Evaluation of Disease Management Systems in Soybean – White Mold - 2019

 

TRIAL OBJECTIVE

 

  • White mold (WM, also called Sclerotinia stem rot) is a significant problem in the U.S. North Central soybean production region and in Canada. Caused by the fungus Sclerotinia sclerotiorum that overwinters in the soil, WM is often recognized by fluffy, white growth on soybean stems. WM development is favored by cool, cloudy, wet, and humid weather at first flowering. The disease is more problematic in soybeans in high-yield environments where high plant populations, narrow row spacing, and an early-closing canopy are commonly used.

  • The objective of this study was to evaluate a system-based approach for WM disease management supported by genetic resistance of germplasm and foliar fungicide.   

  • Select soybean products with varying levels of resistance to WM were evaluated under different fungicide management options.

 

RESEARCH SITE DETAILS

 

  • Fields with a history of WM were selected for this study. 

  • Plots were planted in a split-plot design with fungicide treatment as the main plot and soybean product as the sub-plot. 

  • Fungicide treatments included: 

    • Untreated
    • Application of Delaro® 325 SC fungicide (Group 3 + Group 11) at 8 oz/acre tank-mixed with Luna® Privilege (Group 7) fungicide at 2 oz/acre at R1
    • Application of Delaro 325 SC fungicide at 8 oz/acre tank-mixed with Luna Privilege fungicide at 2 oz/acre at R1 and R3
  • Soybean products used were classified as susceptible (S), moderately susceptible (MS), moderately resistant/moderately susceptible (MR/MS), moderately resistant (MR), or resistant (R) to WM. 

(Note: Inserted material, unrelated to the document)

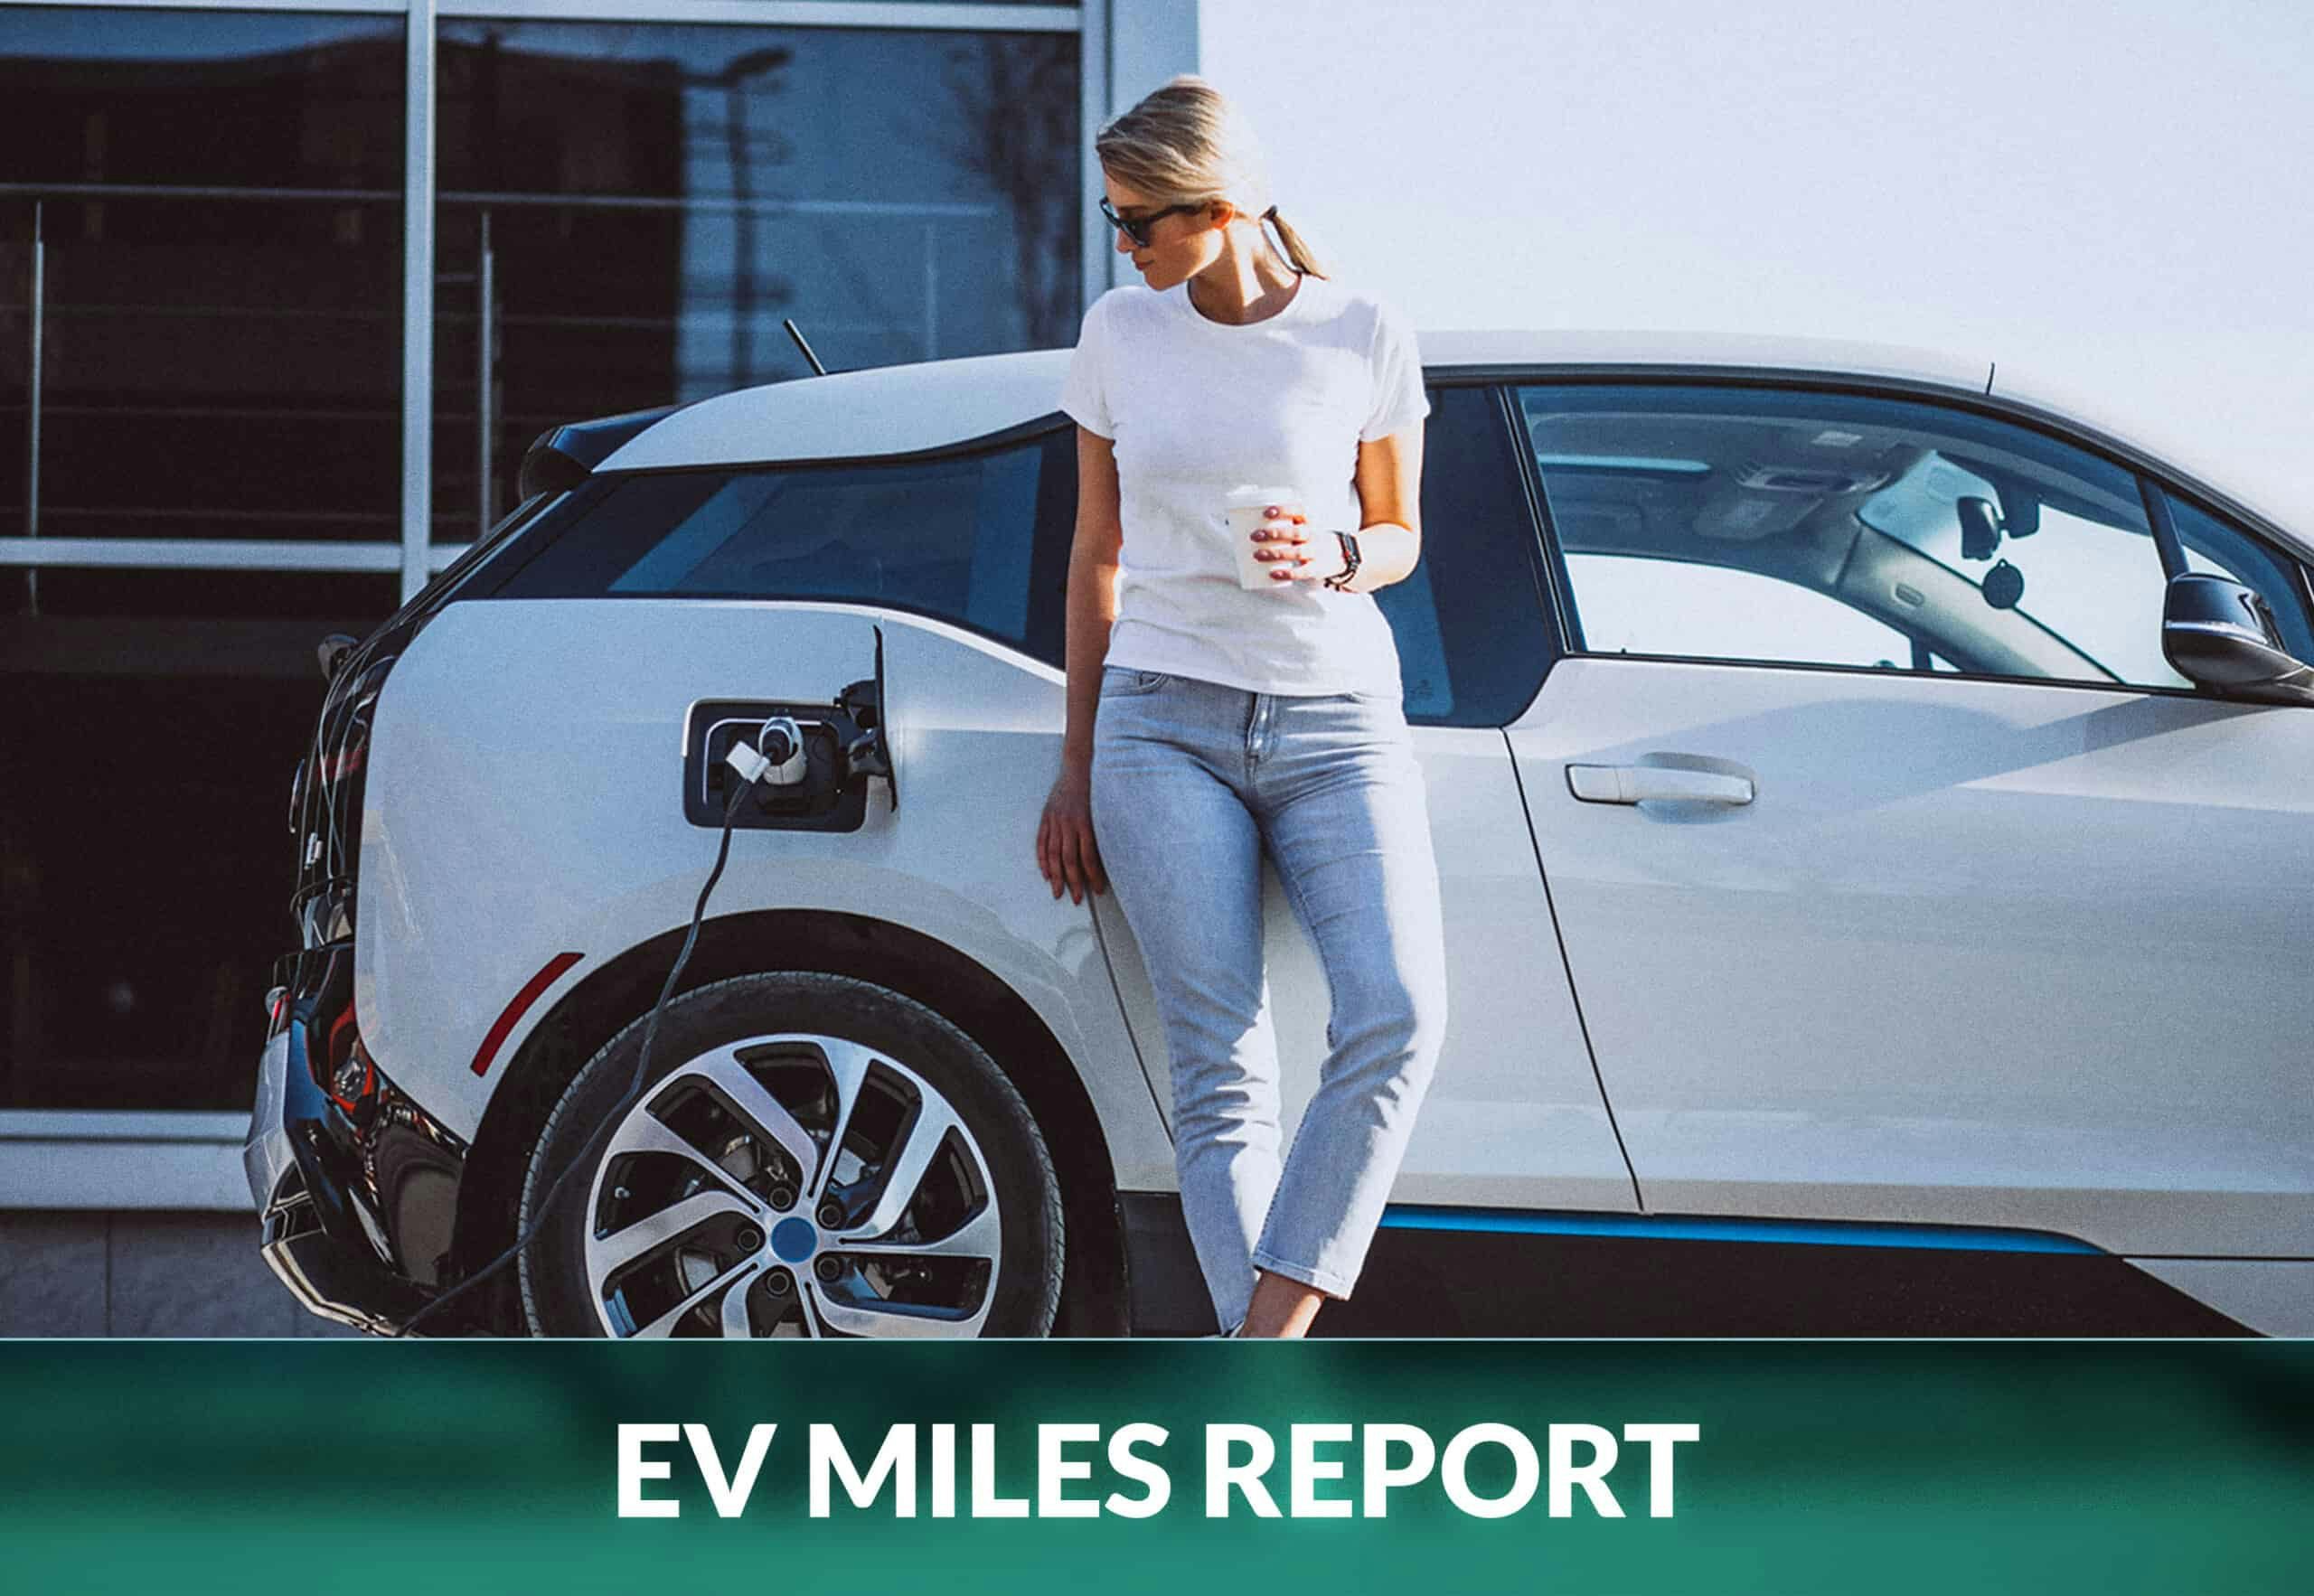 Electric vehicle miles report

  • Plots were randomized within the trial. 

  • WM disease ratings were taken at the R6 growth stage. 

  • Nine trial locations from 2019 with WM symptoms were analyzed for this study, and the data shown below is the average of the 9 locations. Most locations had mild to moderate WM incidence and severity. 
 
 

UNDERSTANDING THE RESULTS

  • Both fungicide treatments significantly contributed to WM disease suppression and an average yield advantage of 2 bu/acre over the unsprayed treatment. 

  • For soybean products with below-average resistance to WM, the fungicide treatments resulted in a 4 bu/acre yield advantage compared to the unsprayed treatment.  

  • Although not statistically significant, soybean products with enhanced resistance to WM provided an average yield advantage of 2 bu/acre over susceptible checks.

 

 

KEY LEARNINGS

 

 
  • In a year with mild to moderate WM incidence and severity, and below-average fungicide performance based on adverse weather conditions, the use of fungicide consistently provided a yield advantage over the unsprayed treatment across soybean products, with the largest yield response observed in soybean products with below-average resistance to WM.